TO DO -> In the entries that follow, the lines from the line containing "Splendid pair of" up to and including the line containing "Two different woods" must be copied exactly, with pictures omitted.

Start of SUPPLIED DATA

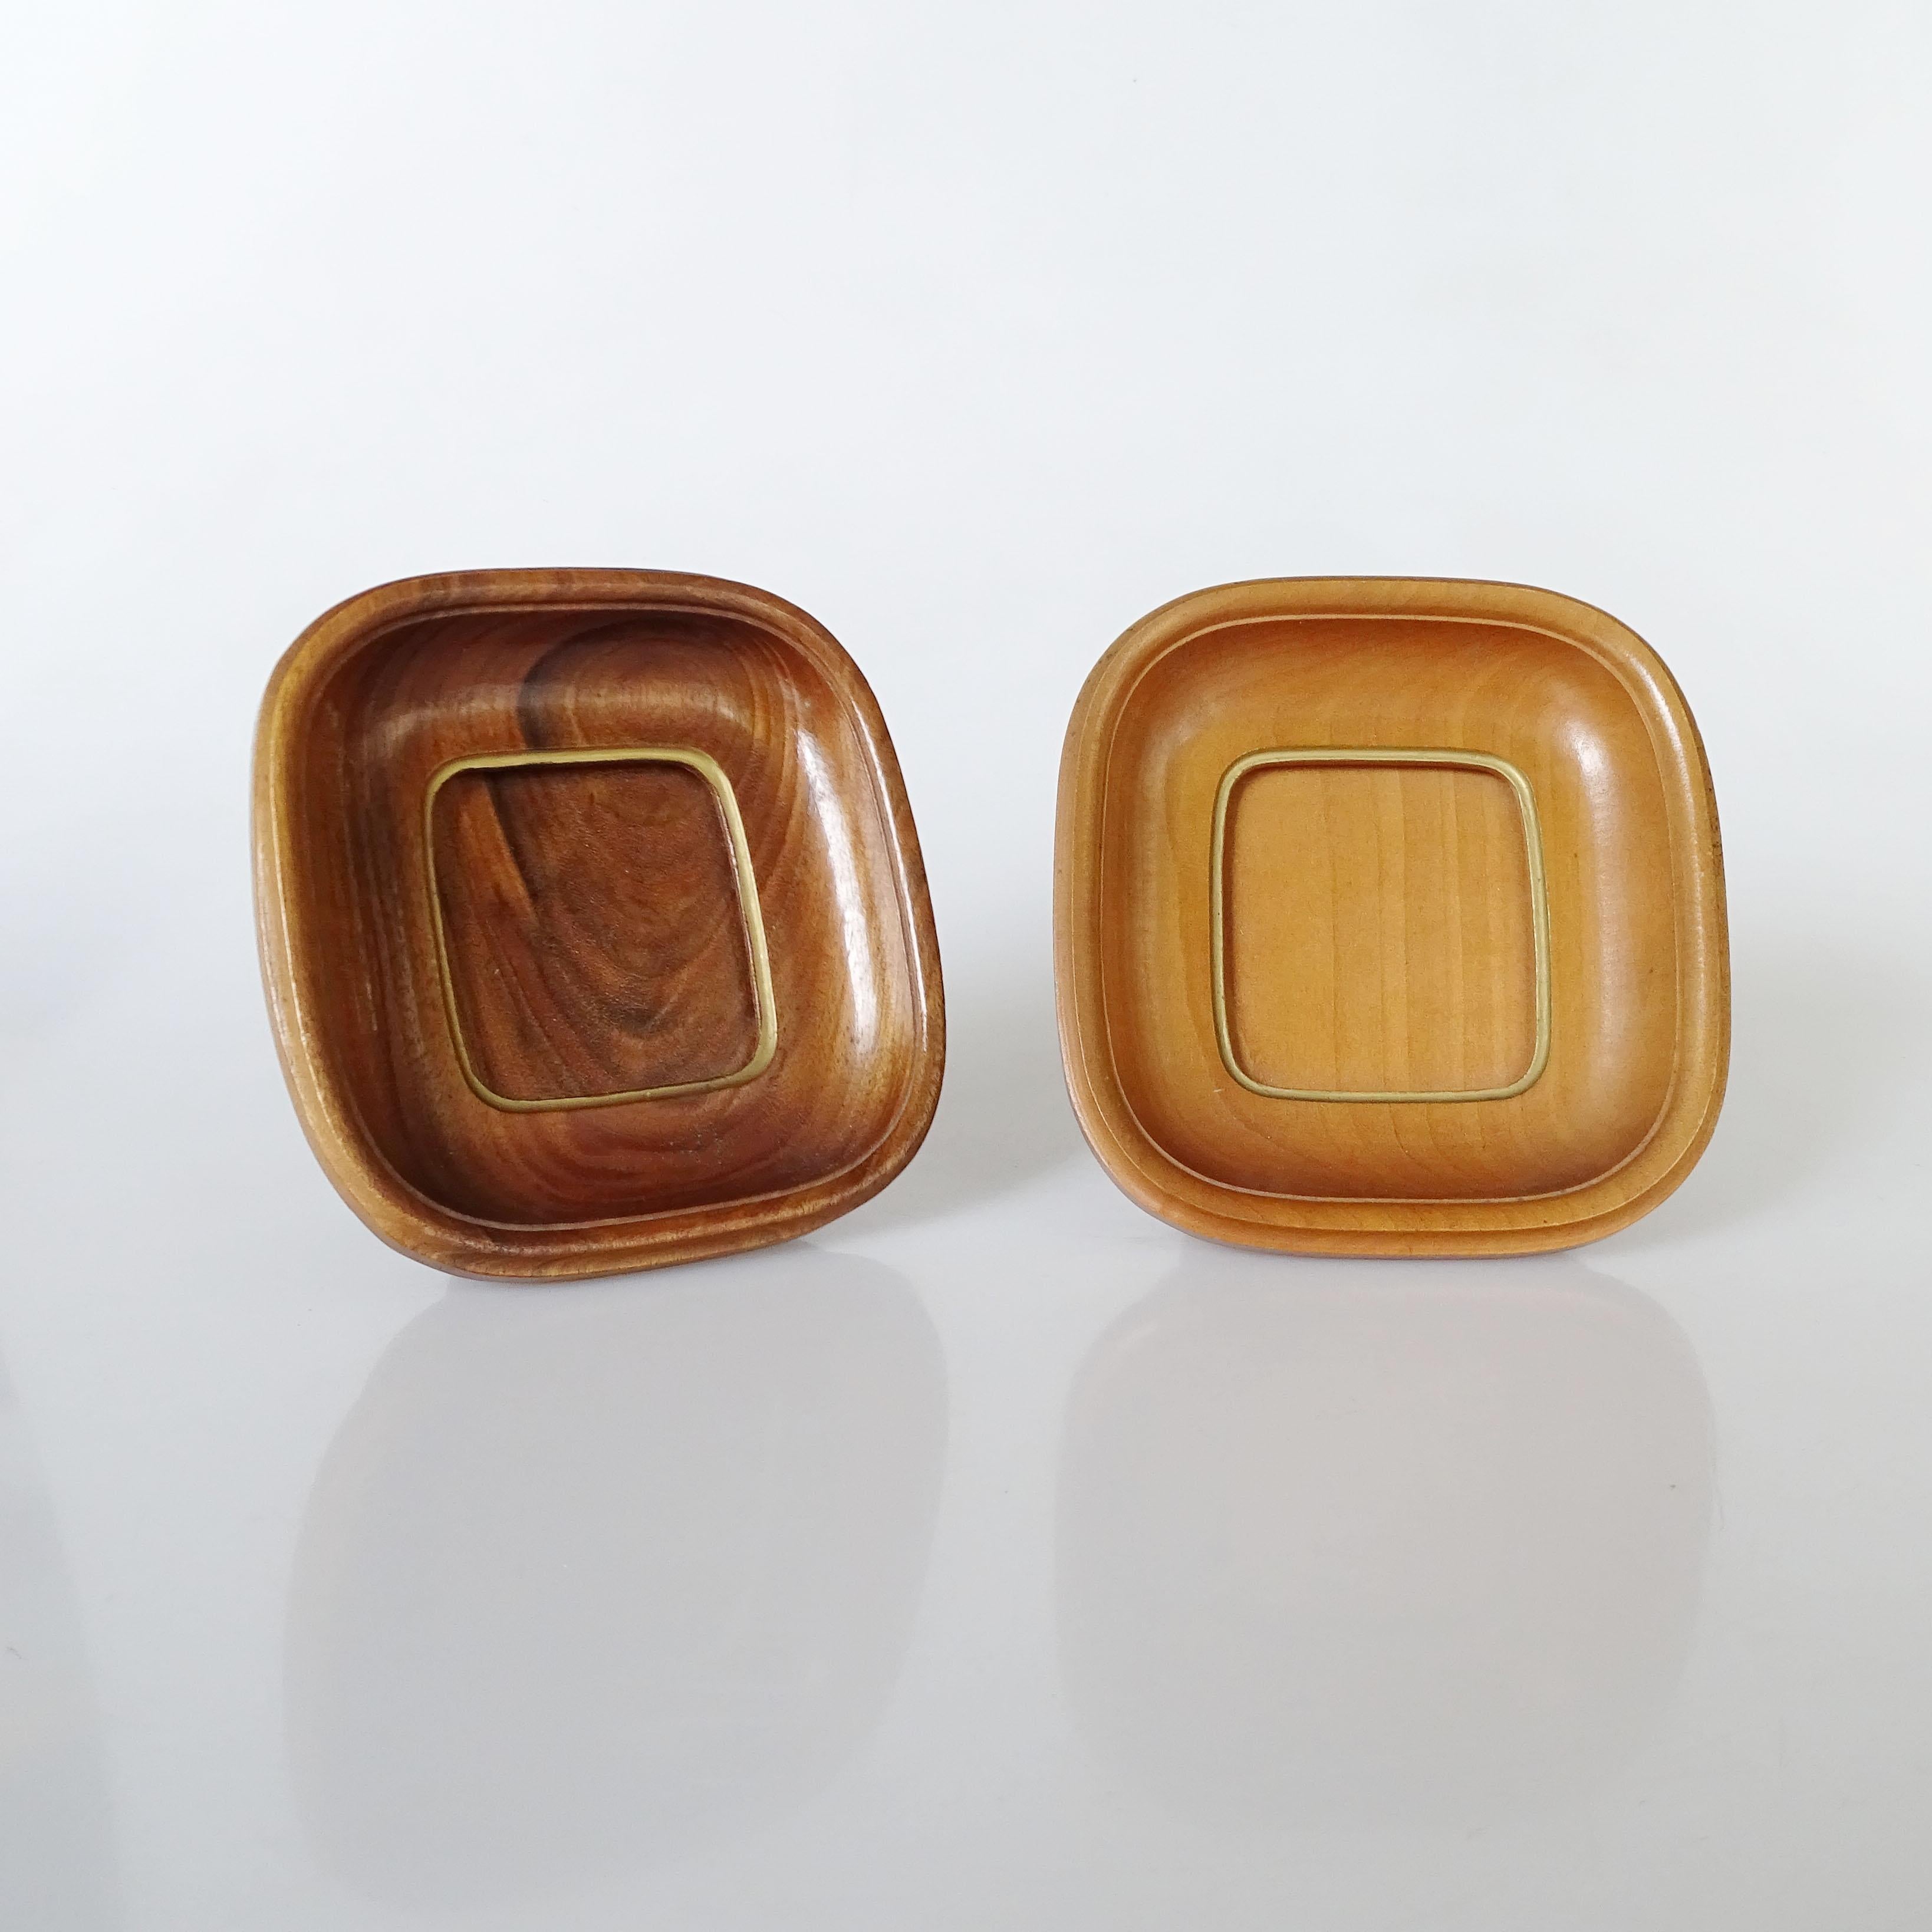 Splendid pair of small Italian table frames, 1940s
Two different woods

End of SUPPLIED DATA
Start of SUPPLIED DATA

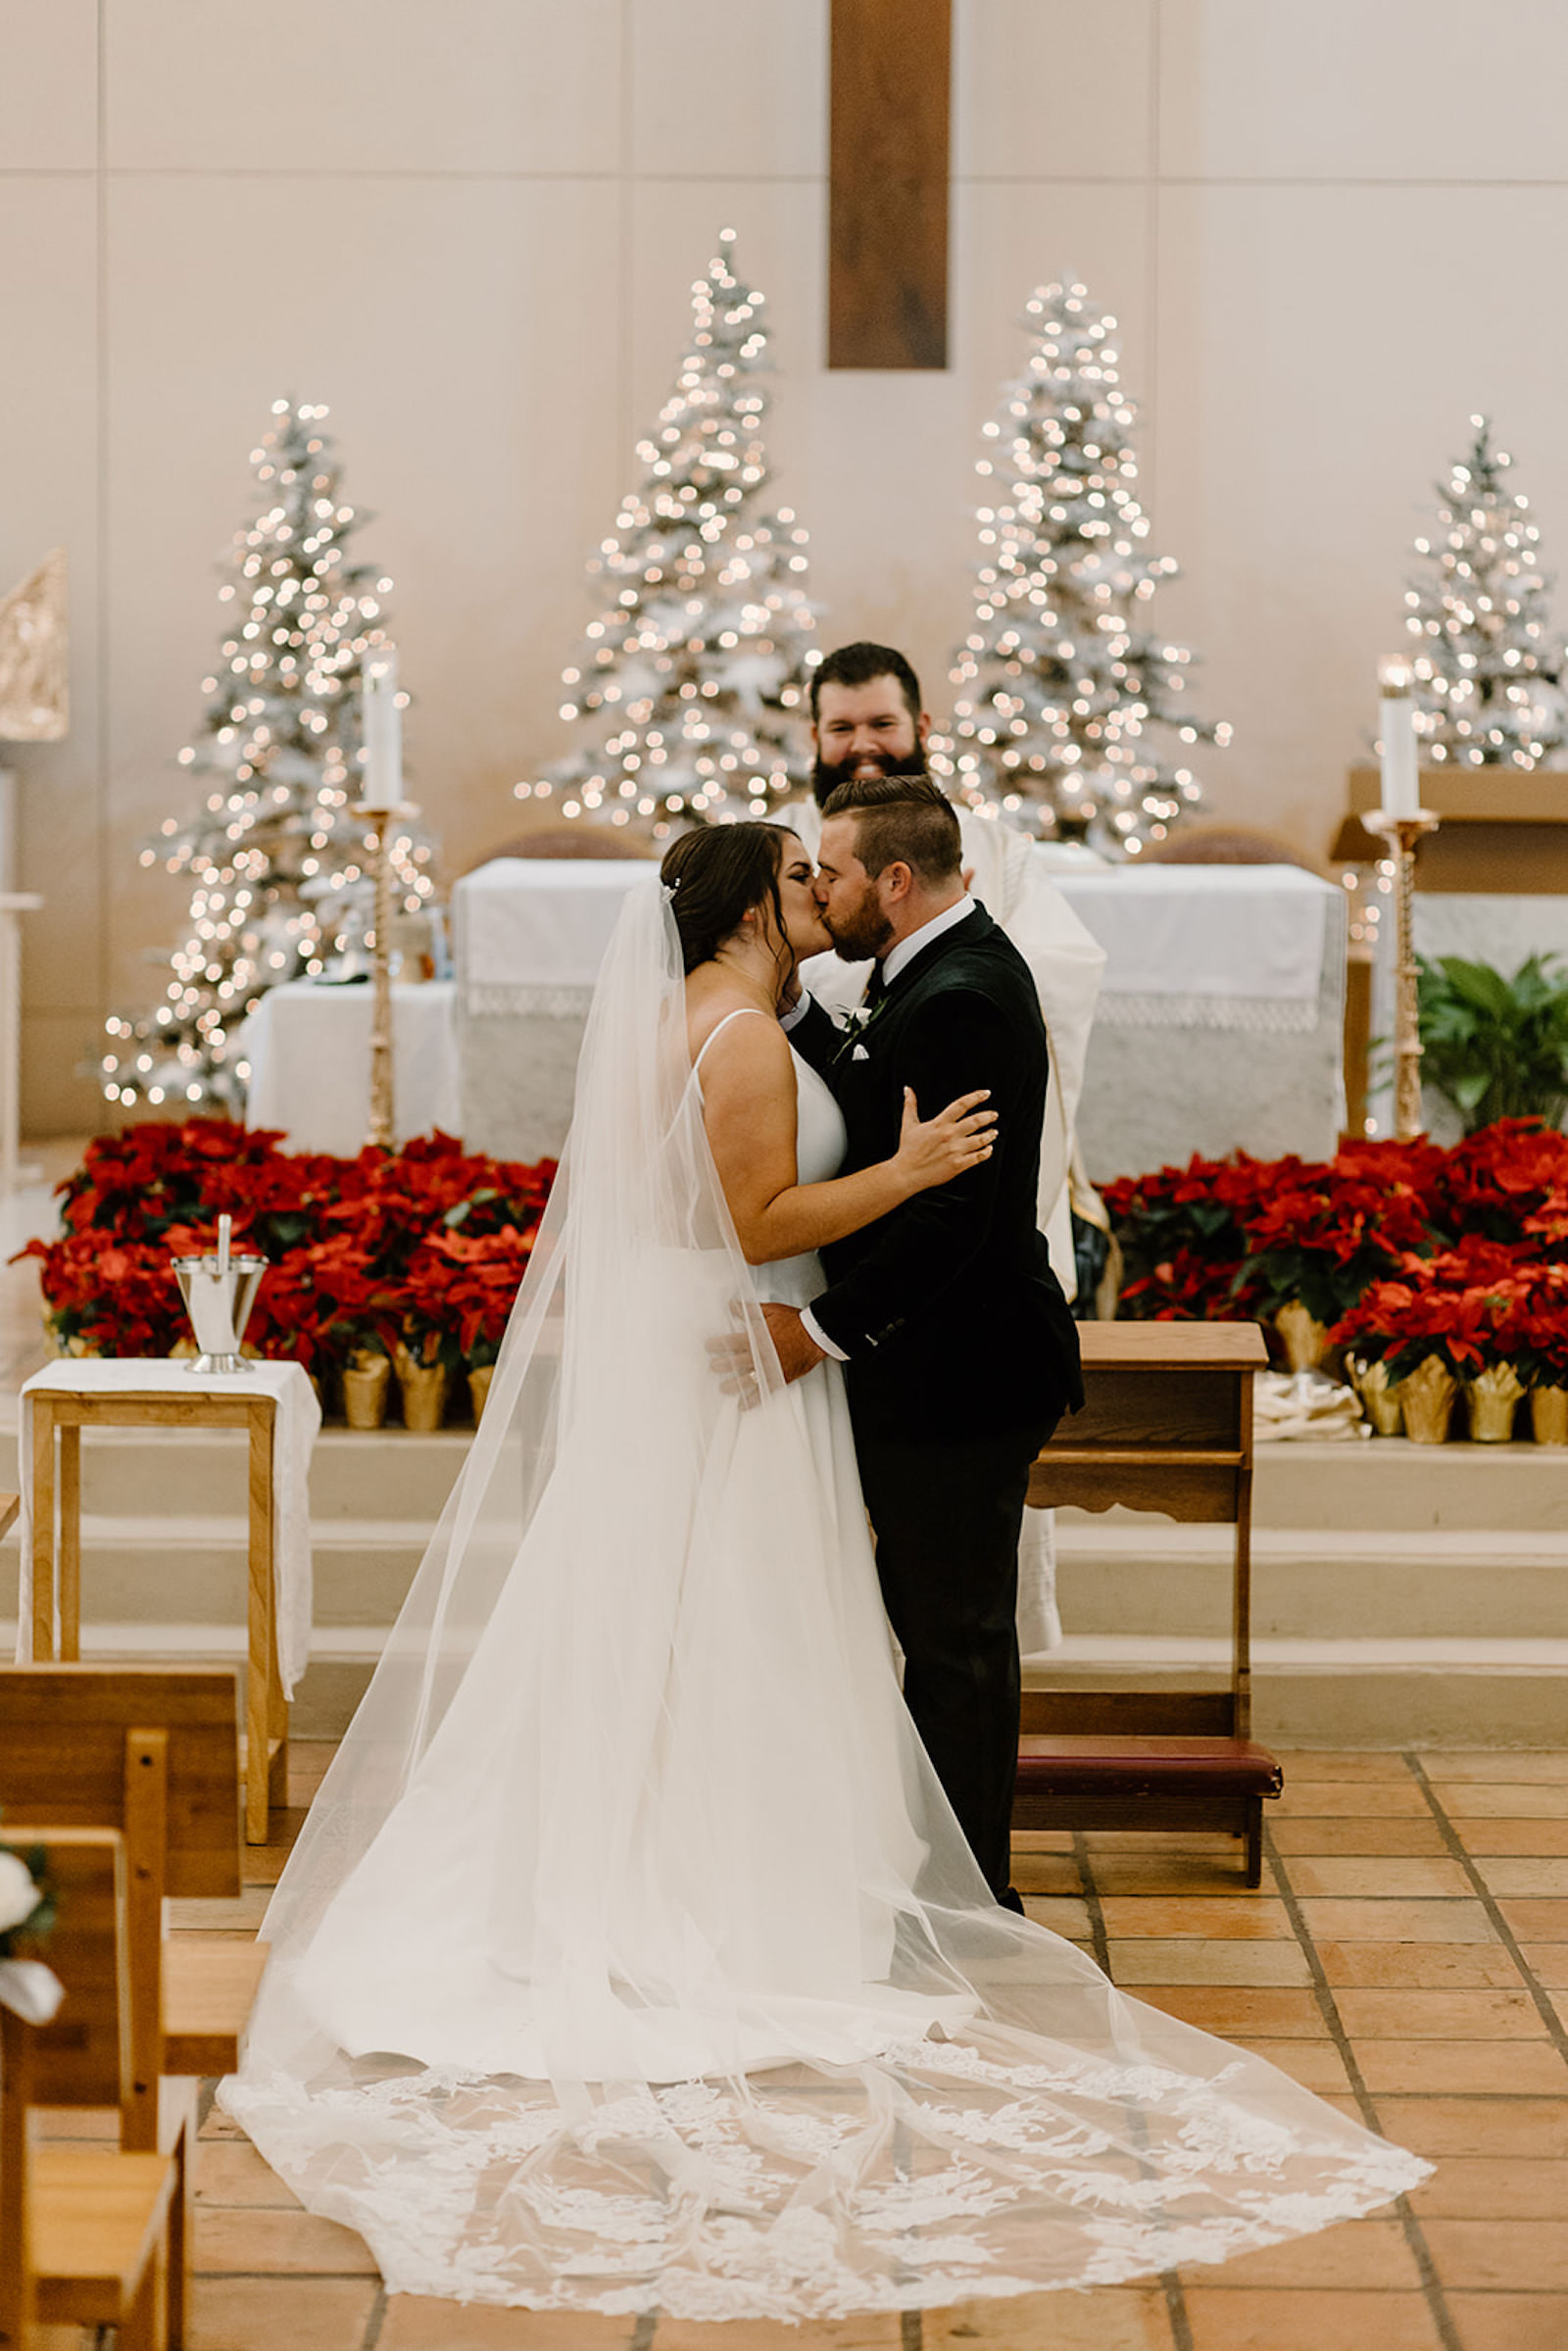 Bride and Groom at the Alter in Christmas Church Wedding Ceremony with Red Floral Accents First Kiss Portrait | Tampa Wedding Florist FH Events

End of SUPPLIED DATA

TASK OUTPUT ->
 Splendid pair of small Italian table frames, 1940s
Two different woods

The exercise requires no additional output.